Ia berdiri, mendongak.
Bunyi itu datang dari arah hutan kecil di pinggir desa.
Tidak keras. Tapi cukup untuk membuat langkahnya pelan-pelan meninggalkan rumah, melewati pagar bambu, dan menuruni jalan setapak yang basah oleh sisa hujan.
Ada sesuatu di sana.
Sesuatu yang belum ia kenal.
Atau mungkin, sesuatu yang sudah lama ia lupakan.
Alfan belum tahu apa yang membawanya turun ke lembah itu. Langkahnya melintasi tanah merah basah yang licin, melewati rumpun pakis dan alang-alang yang mulai menutup jalur. Bau daun basah bercampur tanah menggantung rendah seperti kabut yang tidak ingin pulang.

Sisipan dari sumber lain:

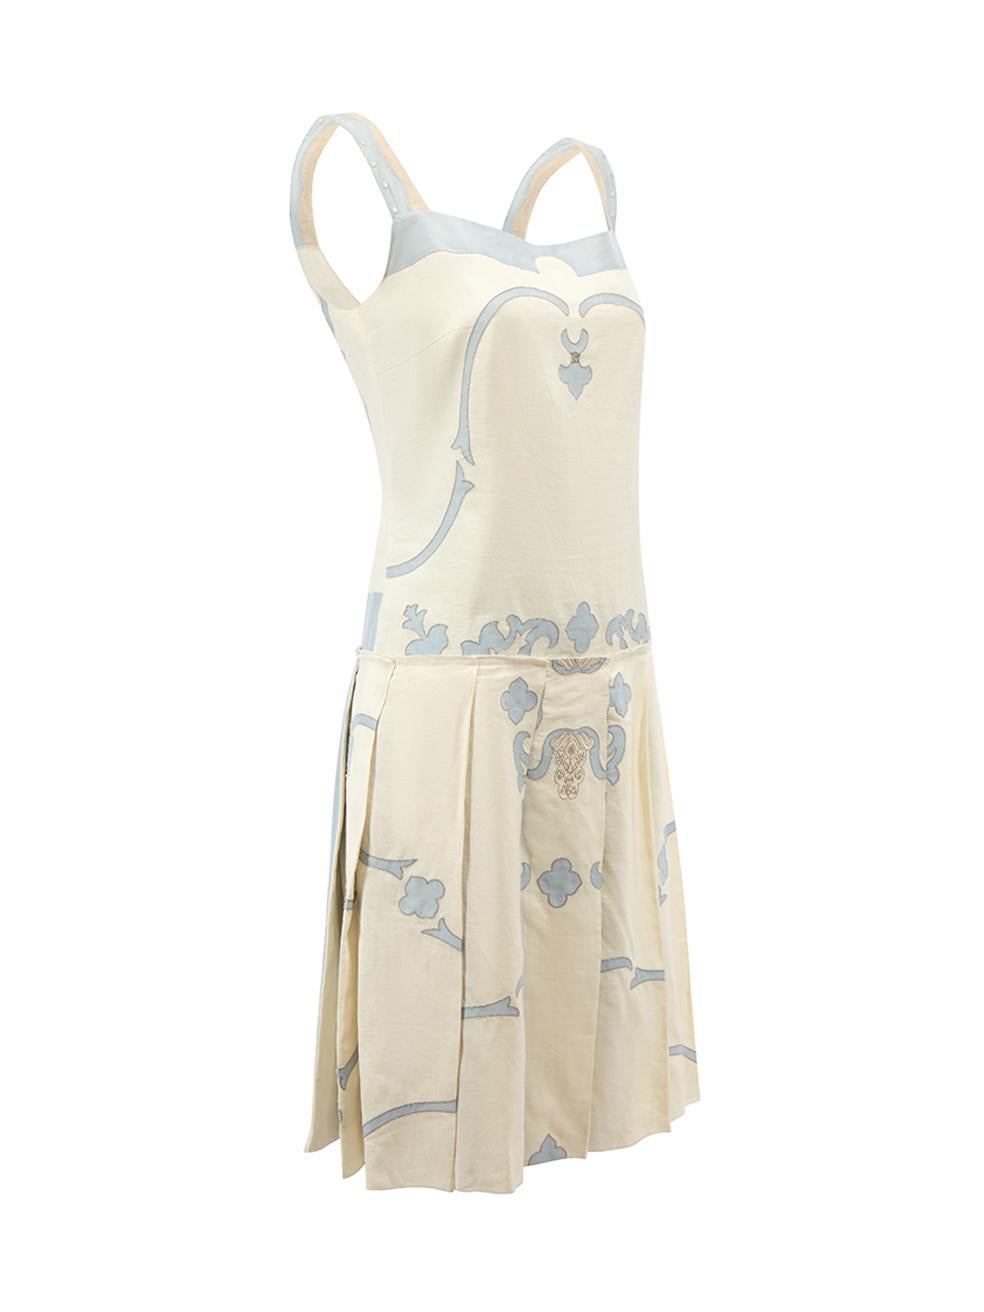 CONDITION is Very good. Hardly any visible wear to dress is evident. Minor loose threads along hem is seen on this used Prada designer resale item.   Details  Cream Linen Mini dress Blue appliqué design Pleated skirt Frill finishing Side zip closure

Suara itu masih terdengar. Samar. Tapi jelas arah datangnya. Ia mengikuti tanpa banyak tanya, seperti anak kecil mengejar bunyi lonceng keliling tukang es krim.

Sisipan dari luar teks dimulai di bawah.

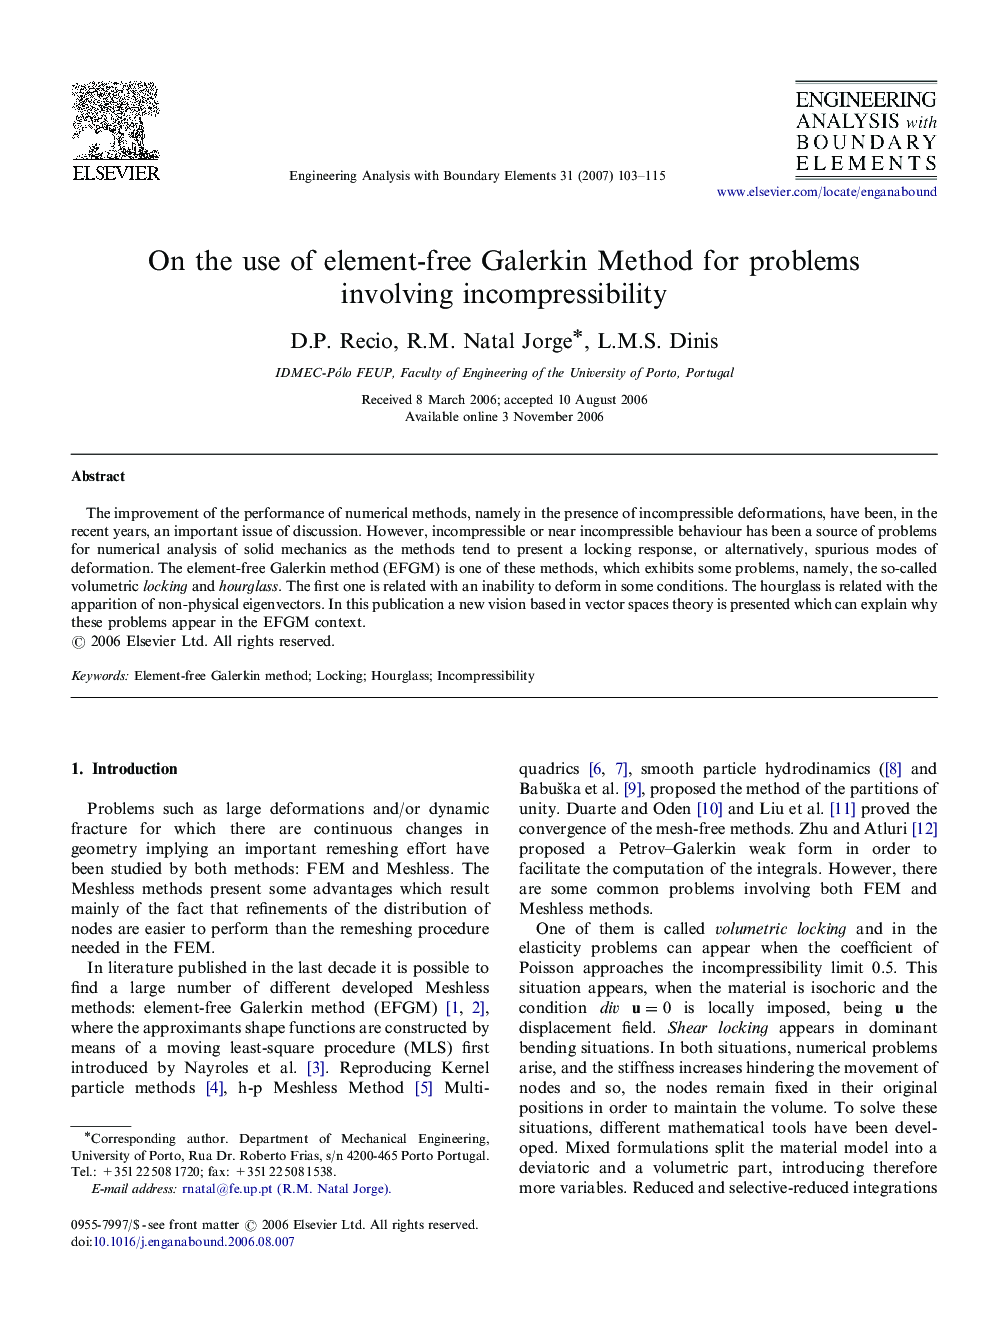 On the use of element-free Galerkin Method for problems involving incompressibility

Di belakang pasar lama yang sudah ditinggal pedagang sejak pandemi, ada sebidang tanah lapang kecil, dikelilingi bambu tua yang batangnya tinggi dan kurus. Di sanalah ia melihatnya.
Seorang lelaki tua, duduk bersila di atas potongan batang kelapa. Di hadapannya: tiga batang bambu besar yang dirangkai menyerupai alat musik. Ia mengetuknya pelan dengan dua batang kecil yang diikat kain di ujungnya. Setiap ketukan memunculkan suara mendalam, lembut, nyaris seperti dengung doa.
Lelaki itu tidak menyadari kedatangannya. Atau mungkin justru tahu, tapi memilih diam.